Management has set the interest rates paid on deposits to be competitive in the
market and will continue its marketing activities to generate growth in
deposits.

         The market in which the Company operates is very competitive;
therefore, the rates of interest paid on deposits are affected by rates paid by
other depository institutions. Management closely monitors rates offered by
other institutions and seeks to be competitive within the market. The Company
has chosen to selectively compete for large certificates of deposits. The
Company will choose to pursue such deposits when expected loan growth provides
for adequate spreads to support the cost of those funds. As of June 30, 2004,
the Company had outstanding certificates of deposit of approximately $30.1
million that were obtained through the listing of certificate of deposit rates
on two Internet-based listing services (such deposits are sometimes referred to
herein as national market certificates of deposit). These certificates of
deposit were issued with an average yield of 2.70% and an average term of 27.4
months. Included in the $30.1 million of Internet-originated certificates of
deposit is $593,374 that has been classified as "Brokered Deposits" for bank
regulatory purposes. These "Brokered Deposits" were issued in average amounts of
approximately $98,896 with an average yield of 3.79% and an average term of
33.05 months.
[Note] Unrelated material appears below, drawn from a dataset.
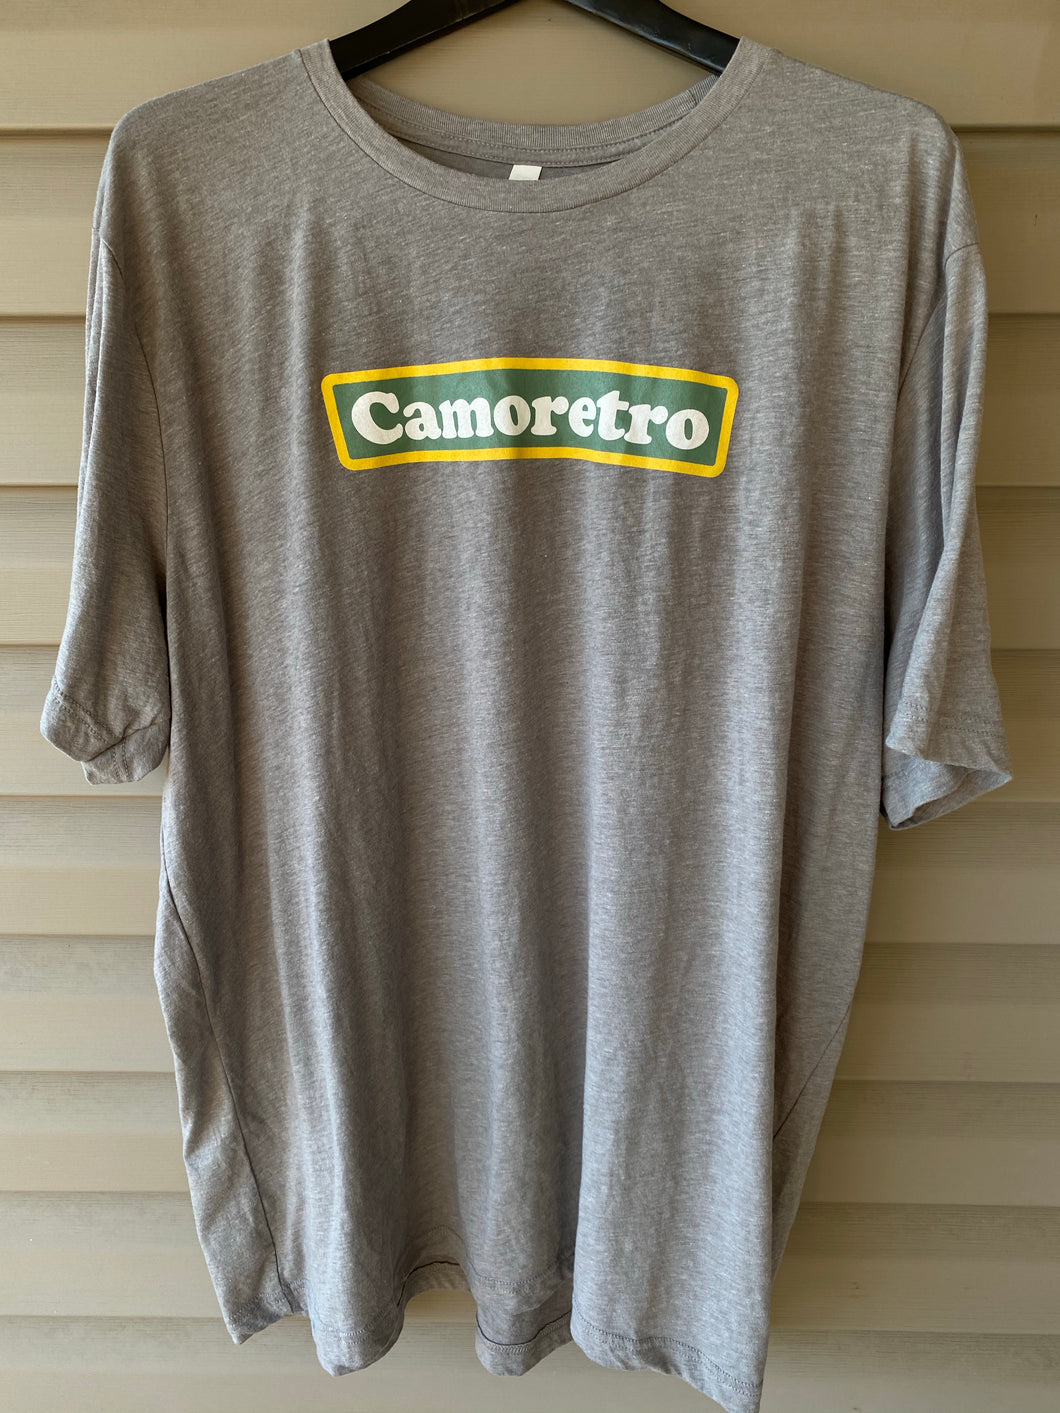 Camoretro Shirt (XXXL)

As of December 31, 2003, the total certificates of deposit
obtained through the listing of certificate of deposit rates on the
Internet-based listing services were approximately $25 million, of which
$790,157 were classified as "Brokered Deposits." The Company has never paid
broker fees for deposits. Additionally, the Company has not accepted any new
"Brokered Deposits" since August 2002.

         Core deposits, which management categorizes as all deposits other than
national market certificates of deposit and all but $2.0 million of deposits
from the two large customers described above (which management considers to be a
stable deposit amount from these customers based upon historical trends), stood
at $92,852,213 as of June 30, 2004, up 19.44% from $77,742,030 as of December
31, 2003. Core deposits are closely monitored by management because they
consider such deposits not only a relatively stable source of funding but also
reflective of the growth of commercial and consumer depository relationships.
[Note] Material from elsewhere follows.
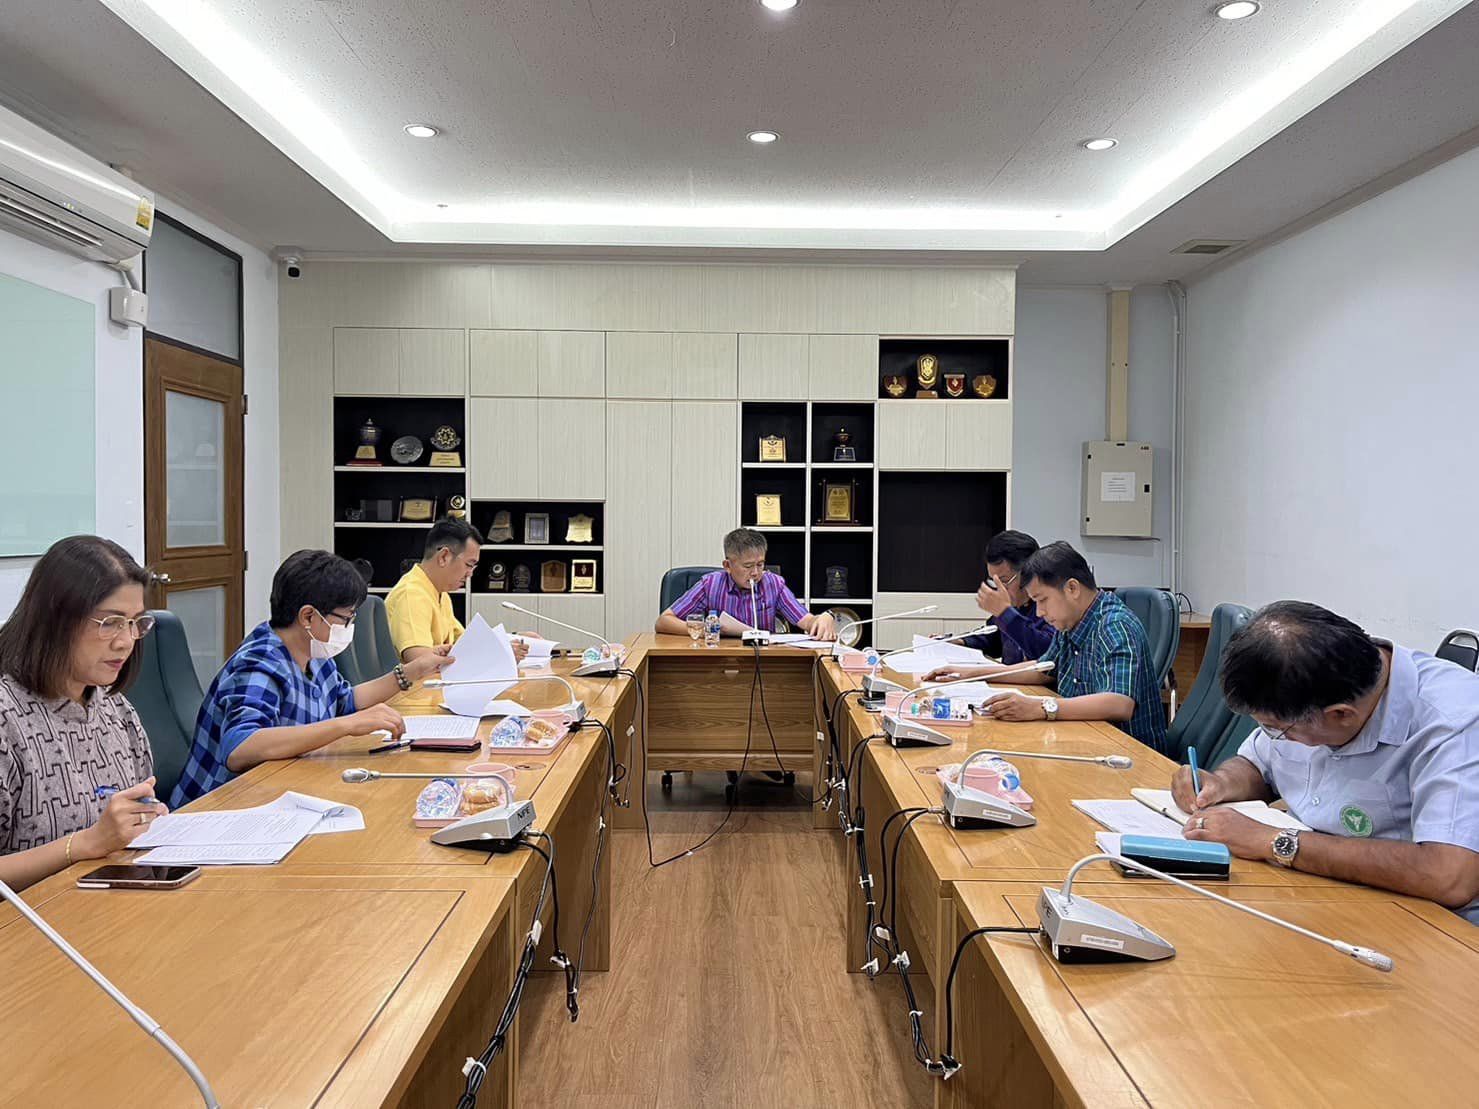 รองผู้ว่าราชการจังหวัดกาญจนบุรี ประชุมคณะกรรมการกลั่นกรองผลการประเมินผลการปฏิบัติราชการเรื่อง "การพิจารณาการเลื่อนเงินเดือนและเลื่อนขั้นค่าจ้างลูกจ้างประจำ (1 เมษายน 2567)" ครั้งที่ 1/2567 

         Short-term borrowings consist of repurchase agreements collateralized
by pledges of U.S. Government Treasury Securities, based upon their market
values, equal to 100% of the principal and accrued interest of its short-term
borrowings. The outstanding balance of short-term borrowings increased from
$1,222,000 at December 31, 2003 to $1,550,000 at June 30, 2004, due to increases
in the balance of available funds of the customers participating in this
program.



                                       16



         Total stockholders' equity at June 30, 2004 was $12,300,883 as compared
to $12,066,500 at December 31, 2003. The increase in stockholders' equity is a
result of the positive operating results for the six months ended June 30, 2004.
Management believes that this level of capital is adequate to support expected
asset growth for at least the next 12 months.

Allowance for Credit Losses and Credit Risk Management

         Originating loans involves a degree of risk that credit losses will
occur in varying amounts according to, among other factors, the type of loans
being made, the credit-worthiness of the borrowers over the term of the loans,
the quality of the collateral for the loan, if any, as well as general economic
conditions. The Company charges the provision for credit losses to earnings to
maintain the total allowance for credit losses at a level considered by
management to represent its best estimate of the losses known and inherent in
the portfolio that are both probable and reasonable to estimate, based on, among
other factors, prior loss experience, volume and type of lending conducted,
estimated value of any underlying collateral, economic conditions (particularly
as such conditions relate to Bay National Corporation's market area), regulatory
guidance, peer statistics, management's judgment, past due loans in the loan
portfolio and concentrations of risk (if any). The Company charges losses on
loans against the allowance when it is believed that collection of loan
principal is unlikely. Recoveries on loans previously charged off are added back
to the allowance.

         Management uses a loan grading system where all loans are graded based
upon management's evaluation of the risk associated with each loan. A factor,
based on the loan grading, is applied to the loan balance to reserve for
potential losses. In addition, management judgmentally establishes an additional
nonspecific reserve. The nonspecific portion of the allowance reflects
management's estimate of probable inherent, but undetected losses, within the
portfolio due to uncertainties in economic conditions, delays in obtaining
information, including unfavorable information about a borrower's financial
condition, the difficulty in identifying triggering events that correlate
perfectly to subsequent loss rates and risk factors that have not yet manifested
themselves in loss allocation factors.

         The reserve factors used are based on management's judgment as to
appropriate reserve percentages for various categories of loans, and adjusting
those values based on the following: historical losses in each category;
historical and current delinquency in each category; underwriting standards in
each category; comparison of losses and delinquencies to peer group performance;
and an assessment of the likely impact of economic and other external conditions
on the performance of each category.

         A test of the adequacy of the allowance for credit losses is performed
and reported to the Board of Directors on a monthly basis. Management uses the
information available to make a determination with respect to the allowance for
credit losses, recognizing that the determination is inherently subjective and
that future adjustments may be necessary depending upon, among other factors, a
change in economic conditions of specific borrowers, or generally in the
economy, and new information that becomes available. However, there are no
assurances that the allowance for credit losses will be sufficient to absorb
losses on nonperforming assets, or that the allowance will be sufficient to
cover losses on nonperforming assets in the future.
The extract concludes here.